NOAA Teacher at Sea
Onboard NOAA Ship Gordon Gunter
June 5–24, 2013
Mission: Ecosystem Monitoring Survey
Geographical area of cruise: The continental shelf from north of Cape Hatteras, NC, including Georges Bank and the Gulf of Maine, to the Nova Scotia Shelf
Weather Data from the Bridge:
Time: 21:30 (9:30 pm)
Longitude/latitude: 40.50289N, 68.76736W
Barrometer 1017.35 mb
Science and Technology Log:
After several ship issues, we were able to finally head out from Newport, RI on June 9th after 4 extra days in dock. We have started the survey and are using two main types of equipment that we will deploy at the various stations: CTD/Bongo Nets and CTD Rosette Stations. We were originally scheduled to visit about 160 stations, but due to the unforeseen ship issues, these may have to be scaled back. Some of the stations will just be the Bongo and others only the Rosette, but some will include both sets of equipment.

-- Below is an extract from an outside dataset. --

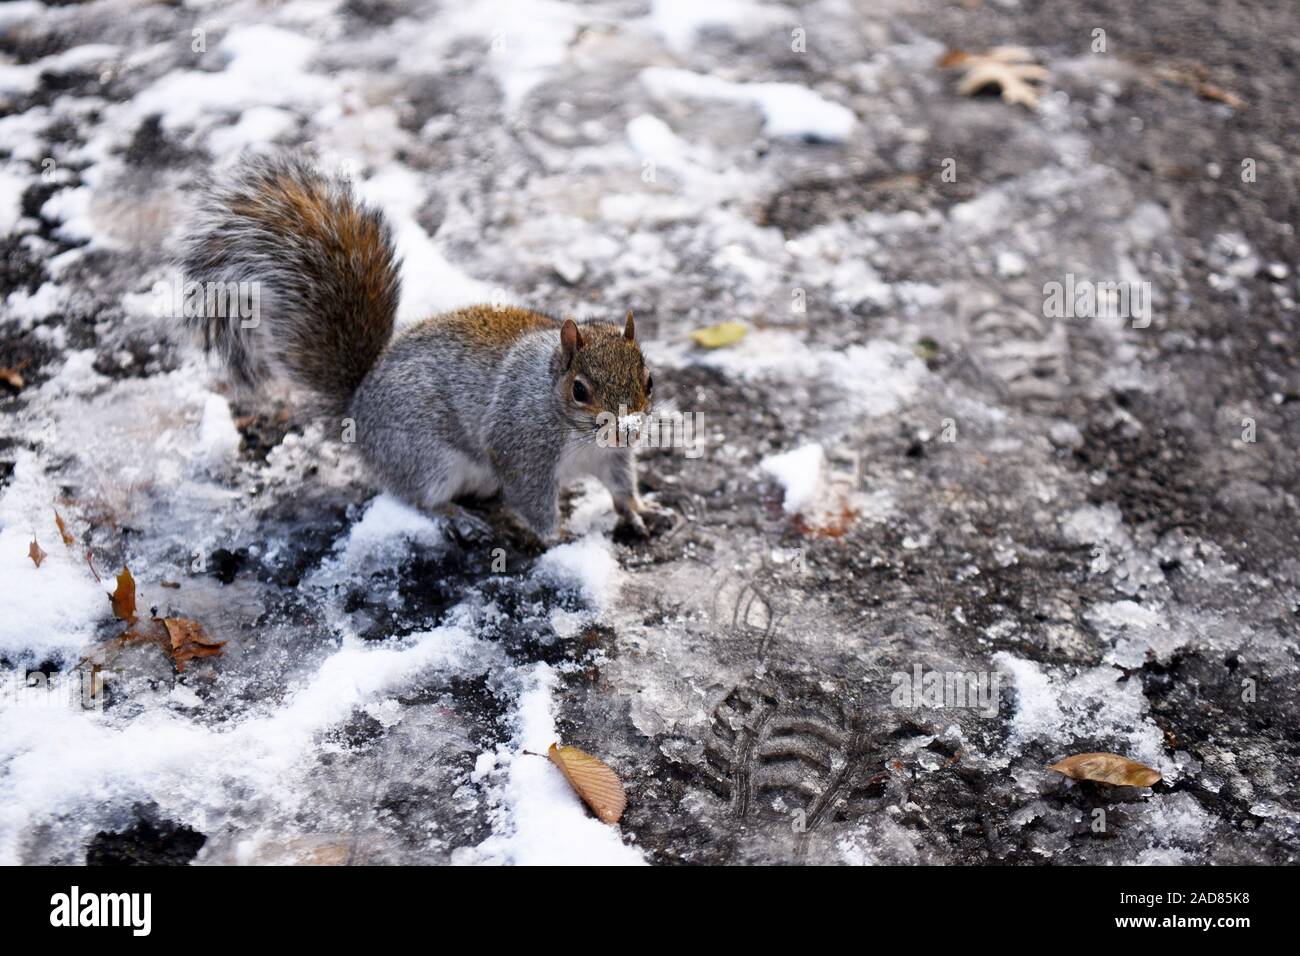 New York, USA. 3rd Dec, 2019. A squirrel is pictured after a snowfall in Central Park in New York, the United States, on Dec. 3, 2019. The first snowfall of the season hit New York City on Monday. Credit: Han Fang/Xinhua/Alamy Live News Stock Photo

A bongo net is a two net system that basically, looks like a bongo drum. It is used to bring up various types of plankton while a CTD is mounted above it on the tow wire to test for temperature, conductivity and depth during the tow. The two nets may have different sizes of mesh so that it will only filter the various types of plankton based on the size of the holes. The small mesh is able to capture the smaller phytoplankton, but the larger zooplankton (animals) can dart out of the way and avoid being captured. The larger mesh is able to catch the zooplankton but allows the phytoplankton to go through the openings. There are regular bongo nets and also baby bongo nets that may be launched at the same time to catch different types of plankton.
The Rosette CTD equipment is a series of 10 cylinders that can capture water from different depths to test for nutrient levels and dissolved inorganic carbon, which provides a measure of acidity in the ocean. These are fired remotely via an electronic trigger that is programed by a computer program where each cylinder can be fired seperately to get 10 samples from different depths. It also has several sensors on it to measure oxygen, light and chlorophyll levels, as well as temperature and salinity (salt) from the surface to the bottom of the water column.
Our first station was about 3 1/2 hours east of Newport, RI and it was a Bongo Station. I am on the noon to midnight shift each day. So on our first day, during my watch, we made four Bongo stops and two CTD Rosettes. Today we completed more of the Bongos on my watch. We are bringing up a variety of zooplankton like copepods, ctenophores, krill, and some fish larvae. We have also seen quite a bit of phytoplankton on the surface of the water.
Being on a ship, I have to get used to the swaying and moving about. It is constantly rocking, so it can be a little challenging to walk around. I have been told that I will get used to this and it is actually great when you want to go to sleep! Luckily I have not had any sea sickness yet and I hope that continues! We completed several safety drills that included a fire drill and abandon ship drill where we had to put on our survival suits – now I look like a New England Lobster!
Today was an amazing day – was able to see Right Whales, Blue Sharks and Common Dolphins – with the dolphins surfing off the ship’s bow! The Northern Right Whale is one of the most endangered species on the planet with only 300 left in the wild. One of the reasons there are so few left is that swim on the surface and were excessively hunted and there feeding areas were within the Boston shipping lanes, so they were frequently hit by ships. Recently these shipping lanes have been moved to help protect these animals. So I feel very privileged to have been able to see one!
Did you know? Plankton are the basis for the ocean food web. They are plentiful, small, and free floating (they do not swim). The word plankton comes from the Greek word “planktos” which means drifting. “Plankton” from the TV show SpongeBob is actually a Copepod – a type of zooplankton.
Question of the day: Why do you think it is important that the scientists study plankton?